The researchers used a combination of AI and neuroscience techniques to create the digital twin. They first recorded the brain activity of real mice as they watched movies made for people, which provided a realistic representation of what the mice might see in natural settings. The films were action-packed and had a lot of movement, which strongly activated the visual system of the mice.
The researchers then used this data to train a core model, which could be customized into a digital twin of any individual mouse with additional training. These digital twins were able to closely simulate the neural activity of their biological counterparts in response to a variety of new visual stimuli, including videos and static images.
The large quantity of aggregated training data was key to the success of the digital twins, allowing them to make accurate predictions about the brain’s response to new situations. The researchers verified these predictions against high-resolution imaging of the mouse visual cortex, which provided unprecedented detail.

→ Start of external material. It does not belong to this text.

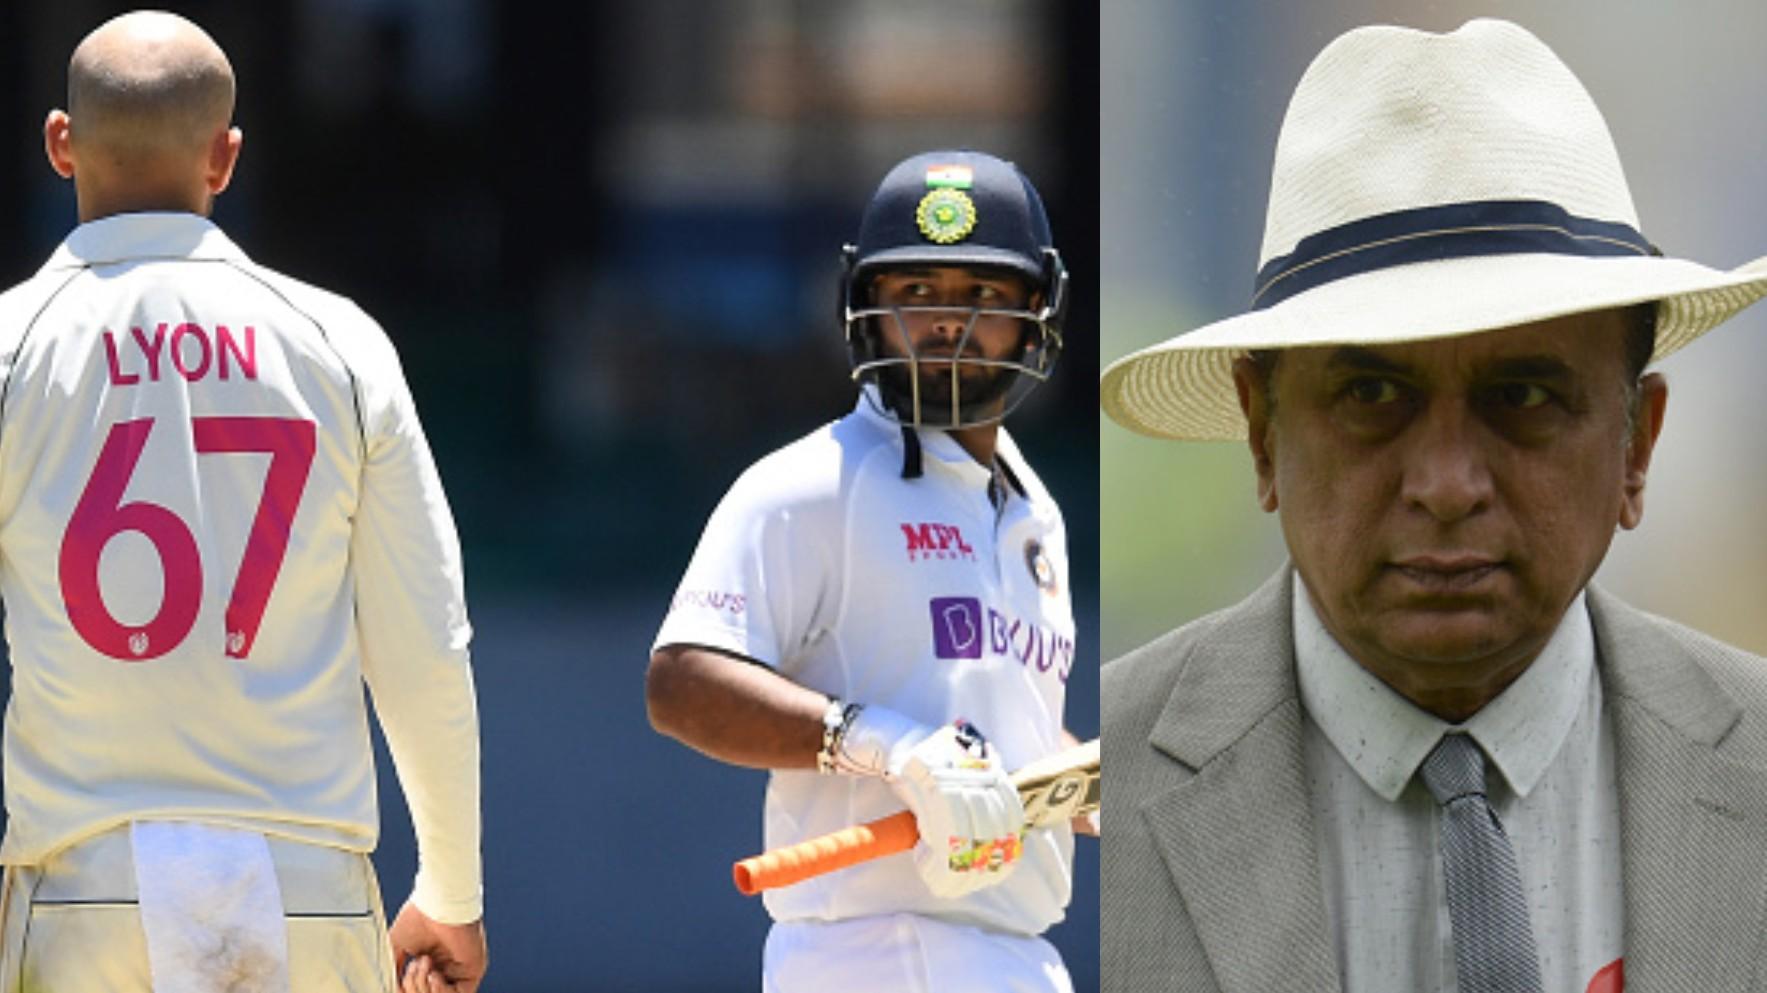 AUS v IND 2020-21: Sunil Gavaskar hails Rishabh Pant's calculated approach against Lyon

This technology has significant implications for the field of neuroscience. By creating a digital twin of the mouse brain, scientists can perform experiments on a realistic simulation of the brain, allowing them to gain insights into how the brain processes information and the principles of intelligence.
The researchers plan to extend their modeling into other brain areas and to animals, including primates, with more advanced cognitive capabilities. This could ultimately lead to the creation of digital twins of at least parts of the human brain, which would be a major breakthrough in the field of neuroscience.
Content:
Unlocking the Secrets of the Brain with Digital Twins
A group of researchers have created a digital twin of the mouse brain, which can predict the response of tens of thousands of neurons to new videos and images. This AI model has been trained on large datasets of brain activity collected from real mice watching movie clips.
The digital twin is an example of a foundation model, capable of learning from large datasets and applying that knowledge to new tasks and new types of data. This technology has the potential to revolutionize the field of neuroscience, allowing scientists to perform experiments on a realistic simulation of the mouse brain and gaining insights into how the brain processes information.
The researchers used a combination of AI and neuroscience techniques to create the digital twin. They first recorded the brain activity of real mice as they watched movies made for people, which provided a realistic representation of what the mice might see in natural settings. The films were action-packed and had a lot of movement, which strongly activated the visual system of the mice.
The researchers then used this data to train a core model, which could be customized into a digital twin of any individual mouse with additional training. These digital twins were able to closely simulate the neural activity of their biological counterparts in response to a variety of new visual stimuli, including videos and static images.
The large quantity of aggregated training data was key to the success of the digital twins, allowing them to make accurate predictions about the brain’s response to new situations. The researchers verified these predictions against high-resolution imaging of the mouse visual cortex, which provided unprecedented detail.
This technology has significant implications for the field of neuroscience. By creating a digital twin of the mouse brain, scientists can perform experiments on a realistic simulation of the brain, allowing them to gain insights into how the brain processes information and the principles of intelligence.
The researchers plan to extend their modeling into other brain areas and to animals, including primates, with more advanced cognitive capabilities. This could ultimately lead to the creation of digital twins of at least parts of the human brain, which would be a major breakthrough in the field of neuroscience.
Funding:
The study received funding from the Intelligence Advanced Research Projects Activity, a National Science Foundation NeuroNex grant, the National Institute of Mental Health, the National Institute of Neurological Disorders and Stroke (grant U19MH114830), the National Eye Institute (grant R01 EY026927 and Core Grant for Vision Research T32-EY-002520-37), the European Research Council and the Deutsche Forschungsgemeinschaft.